CrI = credible interval; EASI = Eczema Area Severity Index; Q2W = once every 2 weeks.
Most adverse events (AEs) observed in the trials were of mild to moderate severity. The most commonly reported AEs with greater incidence than placebo were nausea, conjunctivitis, and herpetic infection. The incidence of discontinuation due to AEs and serious AEs were low and generally similar among these agents. However, evidence from trials evaluating JAK inhibitors at longer time points for other indications suggests an increased risk of serious AEs, such as reactivation of herpes zoster, malignancy, thromboembolic events, and cardiovascular events36; this has led the FDA to place black box warnings on this class of agents and has delayed the approval of these agents for atopic dermatitis.
In the mild to moderate population, topical ruxolitinib cream was significantly better than vehicle cream (placebo) on all skin and patient-reported outcomes in 2 RCTs. Even though ruxolitinib cream also appeared to be more effective than a medium potency topical corticosteroid, it was not compared with more potent topical corticosteroids, and differences in trial designs precluded indirect quantitative comparisons across topical therapies. The most commonly reported AEs included application site burning and pruritus, and the incidence of these AEs was lower in the ruxolitinib cream arms than placebo arm. As a topical JAK inhibitor therapy, safety concerns are likely not as great as with oral JAK inhibitors; however, its FDA approval came with the same black box warnings seen for other JAK inhibitors, highlighting the risk of serious infections malignancies and serious cardiovascular-related events.

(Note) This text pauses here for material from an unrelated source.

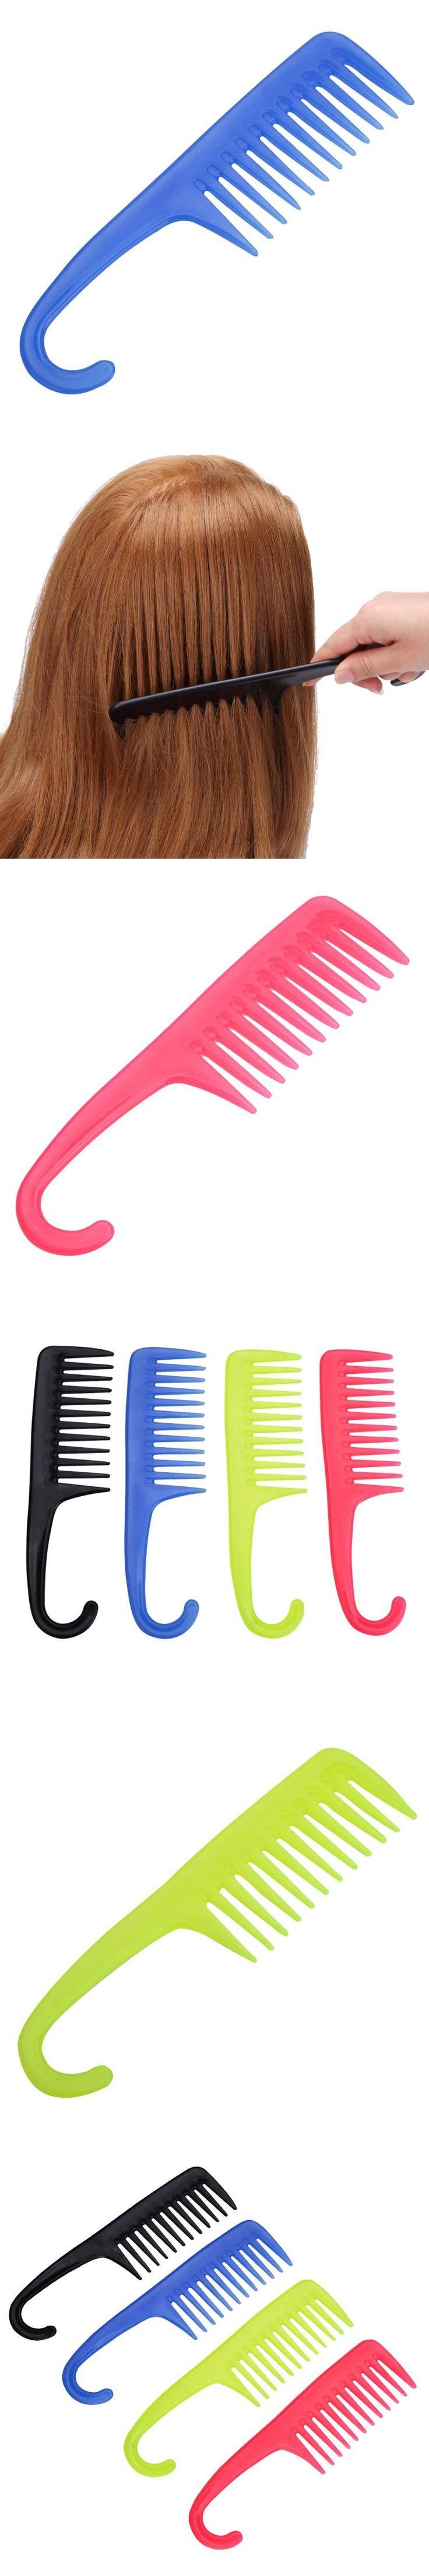 1PC Hair Styling Comb Set Professional Black Hairdressing Brush Salon Barbers detangling wig hair brush horn comb haarverf kam
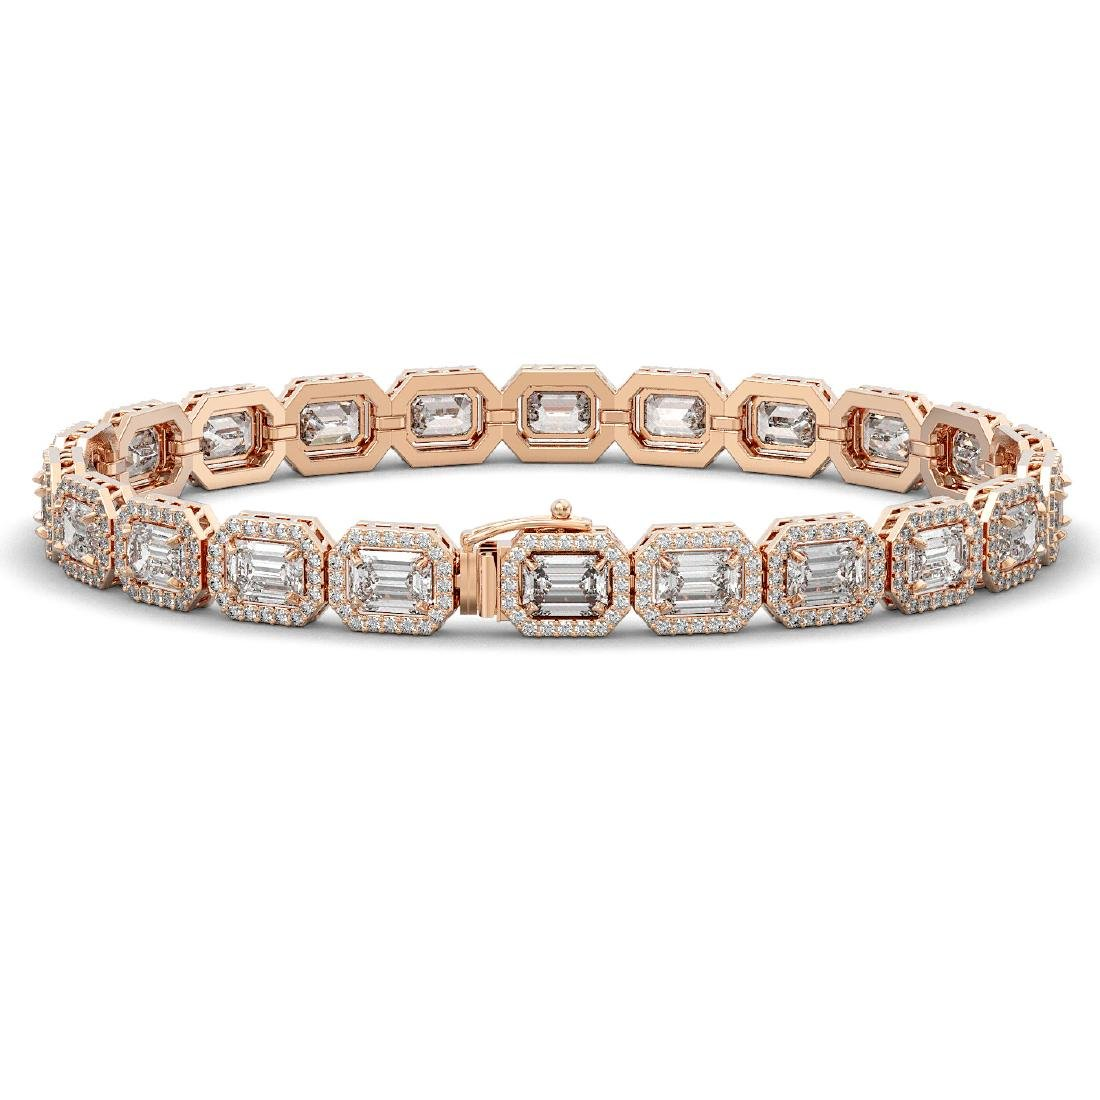 16.72 CTW Emerald Cut Diamond Designer Bracelet 18K - 2

LIMITATIONS OF THE CLINICAL EVIDENCE
Tralokinumab and JAK inhibitors are therapies with novel mechanisms of action affecting the body’s immune system, and we lack long-term safety data for patients with atopic dermatitis. In addition, due to the limited head-to-head data on these agents, we used indirect analyses to compare abrocitinib, baricitinib, tralokinumab, and upadacitinib with each other and to dupilumab. However, the results of indirect analyses are more uncertain than when the therapies are compared directly. Finally, there is limited information available about the relative benefits and harms of these new therapies in important subgroups, particularly among adolescents aged 12-17 years and African-Americans, given the significant effect of atopic dermatitis in these subgroups.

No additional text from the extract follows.